For the first $10$ minutes: $\frac{60 - 50}{10} = K \left[ \frac{60 + 50}{2} - \theta_0 \right] \implies 1 = K(55 - \theta_0) \dots (i)$
For the next $10$ minutes: $\frac{50 - 42}{10} = K \left[ \frac{50 + 42}{2} - \theta_0 \right] \implies 0.8 = K(46 - \theta_0) \dots (ii)$
Dividing equation $(i)$ by $(ii)$:
$\frac{1}{0.8} = \frac{55 - \theta_0}{46 - \theta_0}$
$1.25 = \frac{55 - \theta_0}{46 - \theta_0}$
$1.25(46 - \theta_0) = 55 - \theta_0$
$57.5 - 1.25\theta_0 = 55 - \theta_0$
$2.5 = 0.25\theta_0$
$\theta_0 = 10\,^oC$.

(D) According to Newton's law of cooling,the rate of heat loss $\frac{dQ}{dt}$ depends on the temperature difference between the body and the surroundings. Since the vessel,surroundings,and temperature range are identical,the rate of heat loss is the same for both cases.

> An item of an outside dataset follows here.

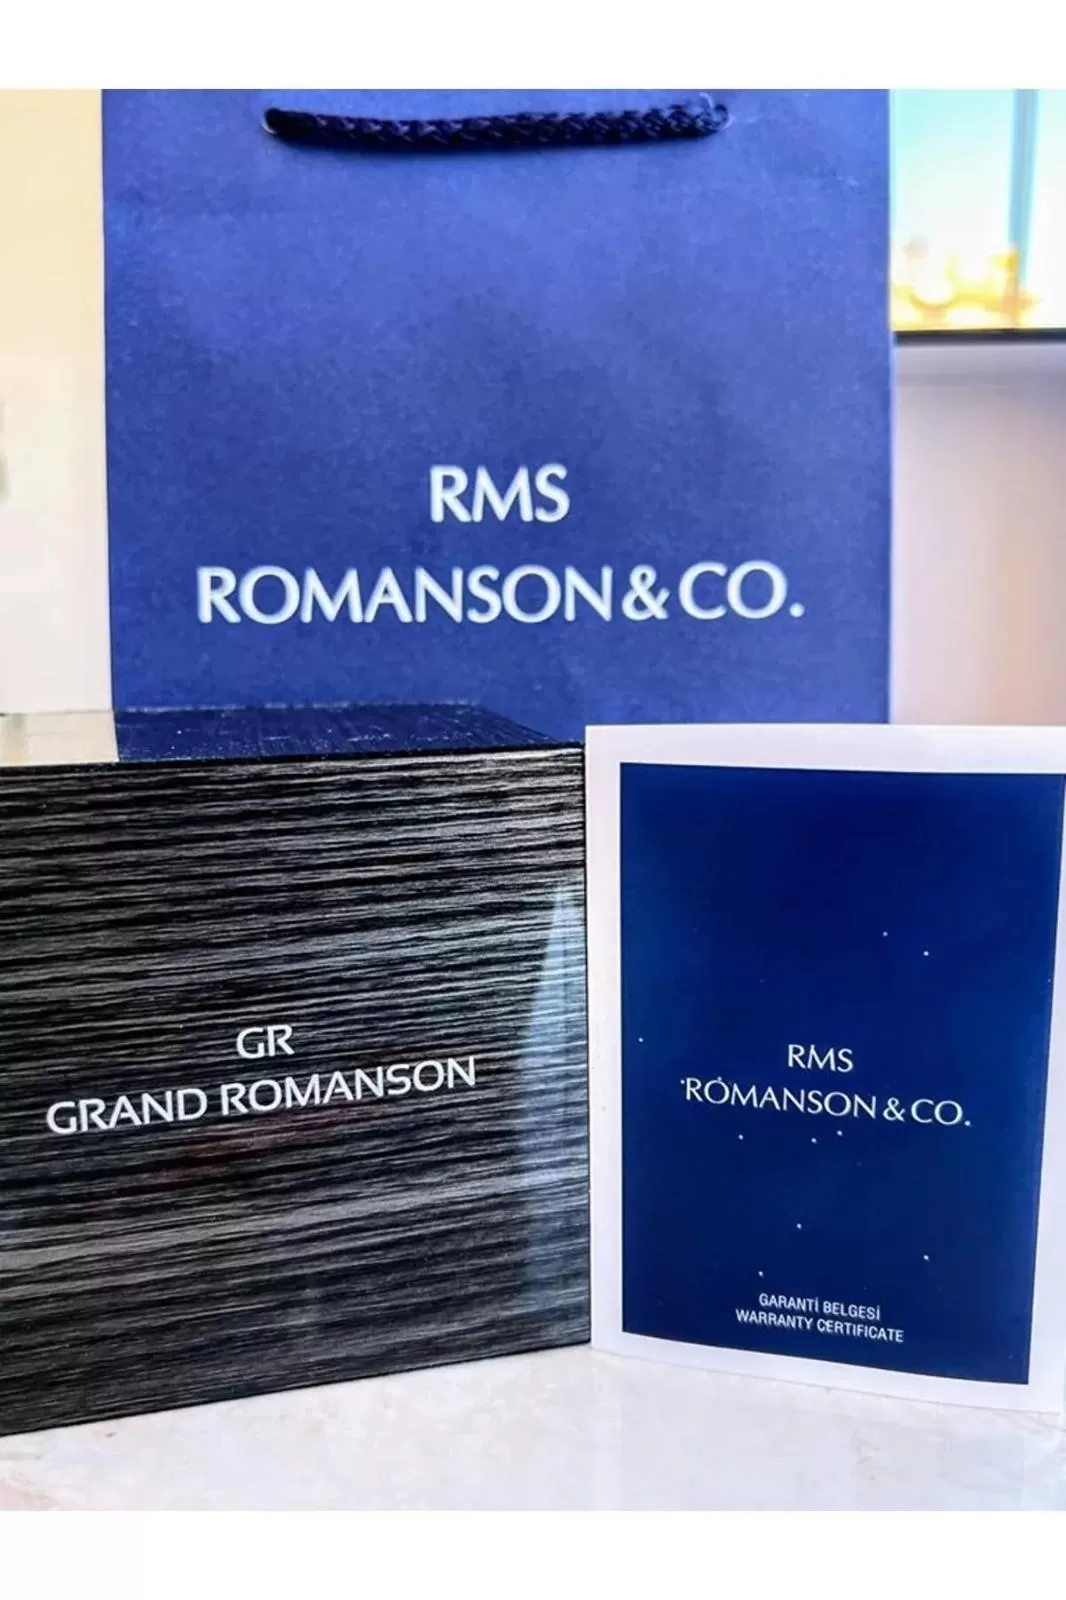 RM1522.08 Romanson Özel Seri Takım Elbiseye Özel Tasarım Damat & Nişan Saati  Kararmaz Renk Atmaz

Let $m_w = 50\,g$ be the mass of water,$C_w = 1\,cal/(g \cdot ^oC)$ be the specific heat of water,$m_l = 100\,g$ be the mass of the liquid,$C_l$ be the specific heat of the liquid,and $W = 30\,g$ be the water equivalent of the vessel.
The total heat lost is given by $Q = (mC + W) \Delta T$.
Since the time $t$ is the same,the rate of heat loss is:
$\frac{(m_w C_w + W) \Delta T}{t} = \frac{(m_l C_l + W) \Delta T}{t}$
Canceling $\frac{\Delta T}{t}$ from both sides:
$m_w C_w + W = m_l C_l + W$
$m_w C_w = m_l C_l$
Substituting the values:
$50 \times 1 = 100 \times C_l$
$C_l = \frac{50}{100} = 0.5\,cal/(g \cdot ^oC) = 0.5\,kcal/(kg \cdot ^oC)$.